We acknowledge that there is a lack of long-term data confirming the safety of this and many other pharmaceuticals used in children. The Haematology Subcommittee noted, in its consideration of Adynovate, that there were no polyethylene glycol (PEG) related adverse reactions in the clinical trials.

We note that in Canada, Adynovate will be the only brand of extended half-life Factor VIII funded. The Canadian Blood Services outlined the widespread and long-term use of PEG containing pharmaceuticals during implementation of that decision, noting that no safety concerns have been raised. We will also address this topic in more detail during our implementation activities.

Other out-of-scope haemophilia treatments 

Emicizumab could radically change how haemophilia A is treated, both for patients with and without inhibitors.
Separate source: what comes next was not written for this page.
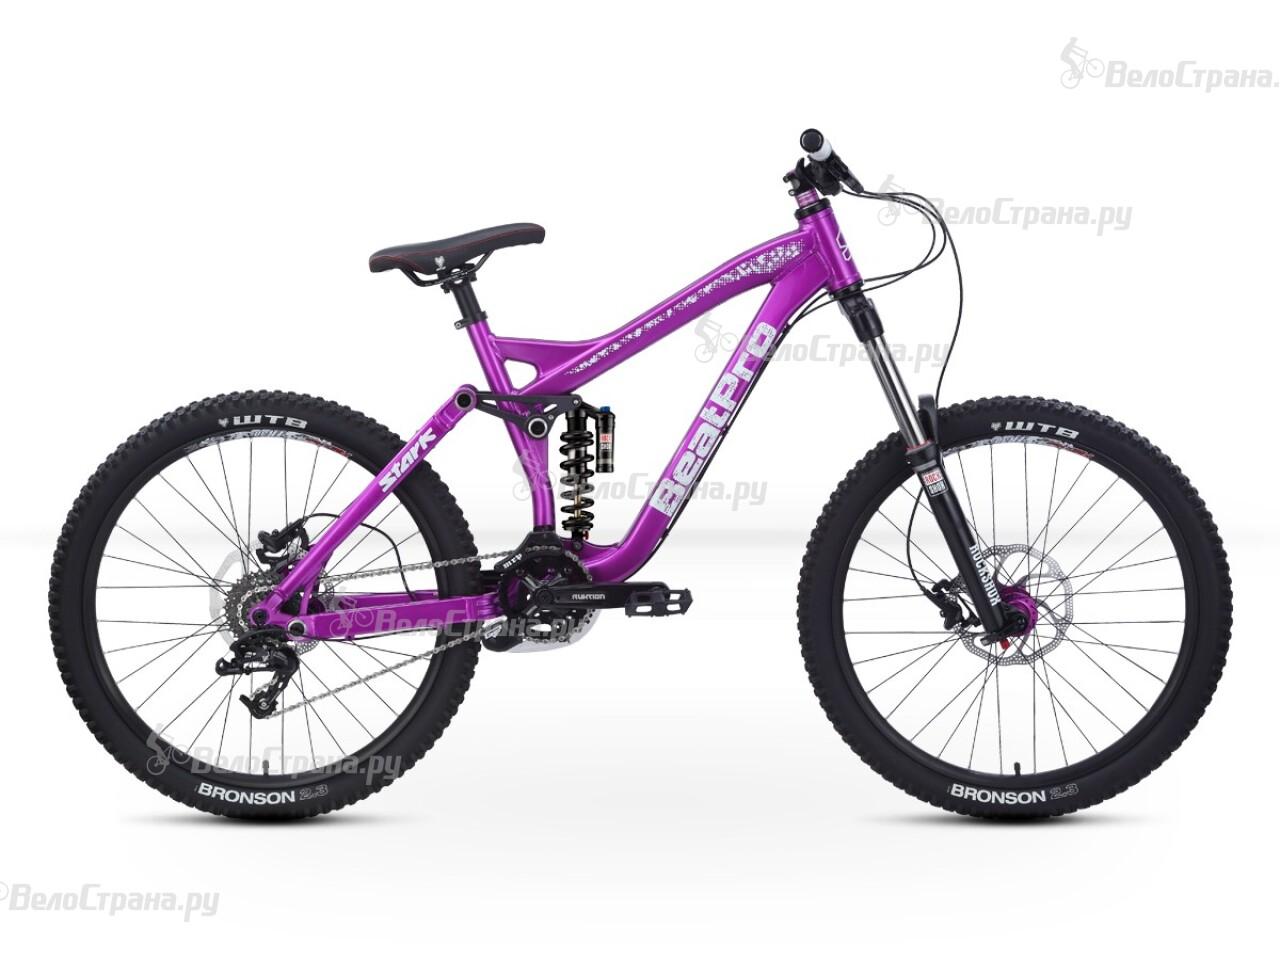 Велосипед Stark Beat Pro (2013) rockshox domain dual crown 2014

Novel agents such as the as subcutaneously administered prophylaxis treatment emicizumab were specifically excluded from the RFP. This was primarily for the reason that, at the time, we had not yet received clinical advice or performed our assessment on any of these products.

Any products excluded from the scope of the RFP could be listed at any time during the RFP period, but would require funding application assessment and ranking against all of PHARMACs other options for investment.

Since the release of the RFP afunding application for emicizumab in people with haemophilia A and inhibitors to FVIII(external link) has been received and was considered at the recent meeting of the Haematology Subcommittee in January 2019. Minutes of this meeting are not yet available, but will be published on the PHARMAC website once finalised.